Wonderpath began the way all good stories do: with a question. What if a curriculum could feel less like worksheets and more like a living story? What if art history could be the golden thread tying together writing, science, geography, and the human experience? What if learning felt like opening a door, not ticking a box?
Those questions became Wonderpath.
Learning that keeps its wonder.
Education should feel alive. It should spark questions, kindle creativity, and invite children and adults to see themselves as part of the larger human story. Too often, curricula flatten curiosity under drills and checklists.
Wonderpath flips the script. Every unit begins with an artist's story, unfolds through hands-on projects, and closes with reflection that connects knowledge to real life. That reflection happens across ages, around the same stories, at different depths. One table. Many ways in.
Built with care. Guided by curiosity.
Every semester follows a guiding theme. Every month lives inside the world of one artist. Learners move through living biographies, cross-curricular connections, and hands-on invitations using simple materials. Grownups get the context, standards, and support they need to feel rooted without needing to be experts first.

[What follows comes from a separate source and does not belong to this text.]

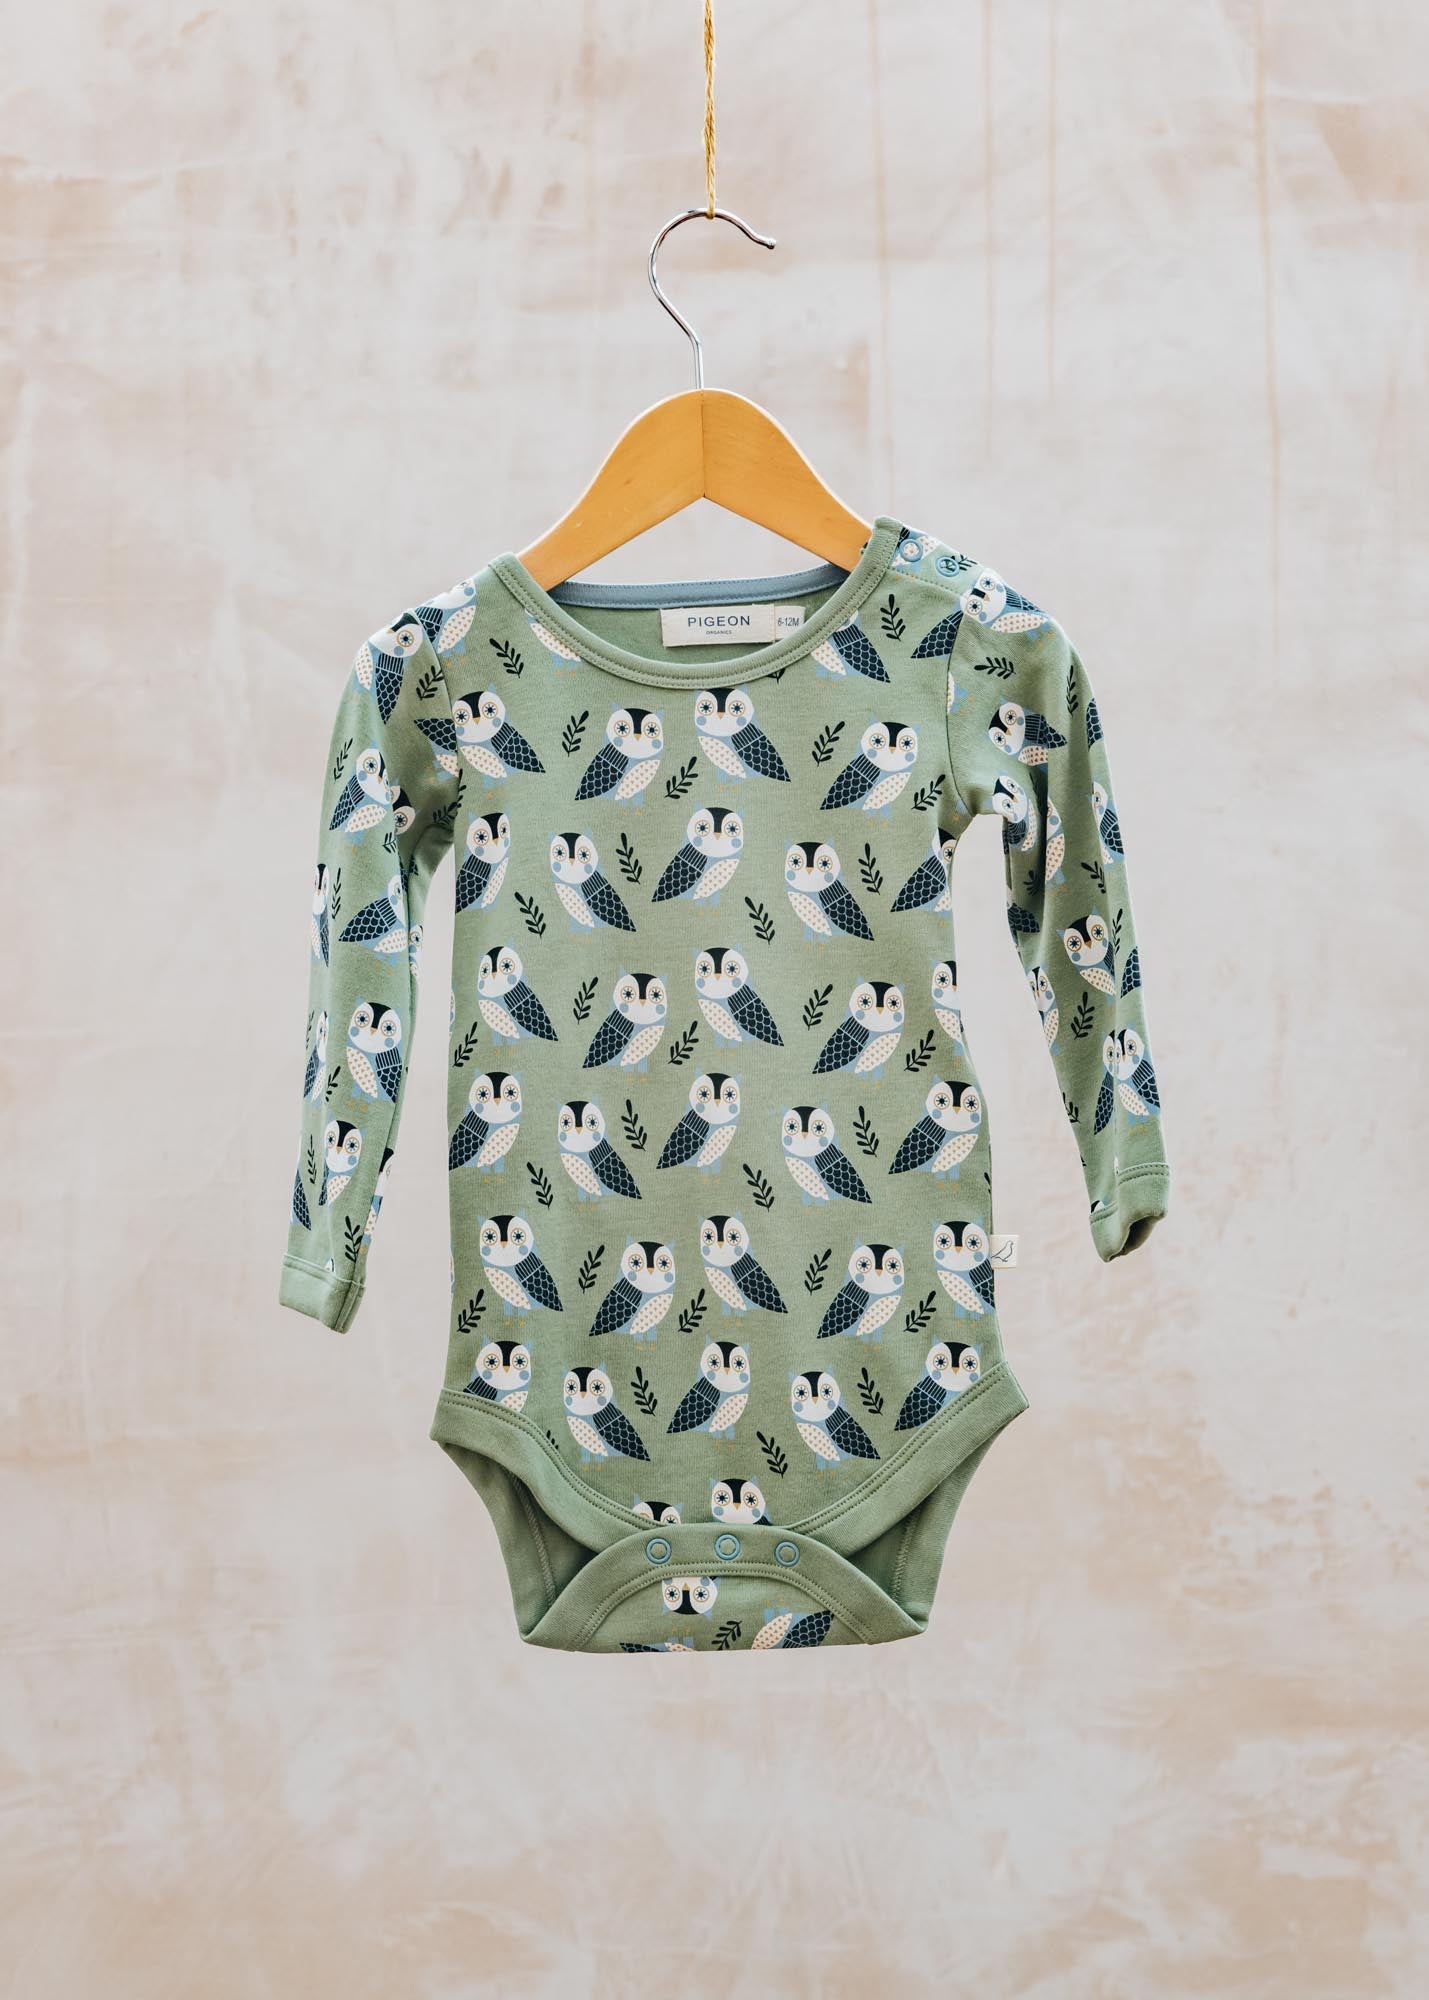 Pigeon Organics Babies' Bodysuit in Green with Owls

It is research-forward but written to be open-and-go. Accessible but never watered down. Playful but always respectful.
Wonderpath is secular, globally minded, and designed to celebrate diverse voices, small creators, and inclusive histories.
A Community of Wonder
Wonderpath is being used at kitchen tables, in co-ops, and in gallery halls. It has found a home with homeschool families, classroom educators, and museum education departments, including a partnership with the Evansville Museum of Arts, History and Science.
Wherever learning happens, Wonderpath adapts.
A note from Heather.
I built Wonderpath at my kitchen table, fueled by coffee and the deep belief that curiosity is the best teacher. It grew out of academic research and the very real need for something rigorous but flexible, secular but deeply respectful, and always filled with wonder. I'm so glad you found your way here.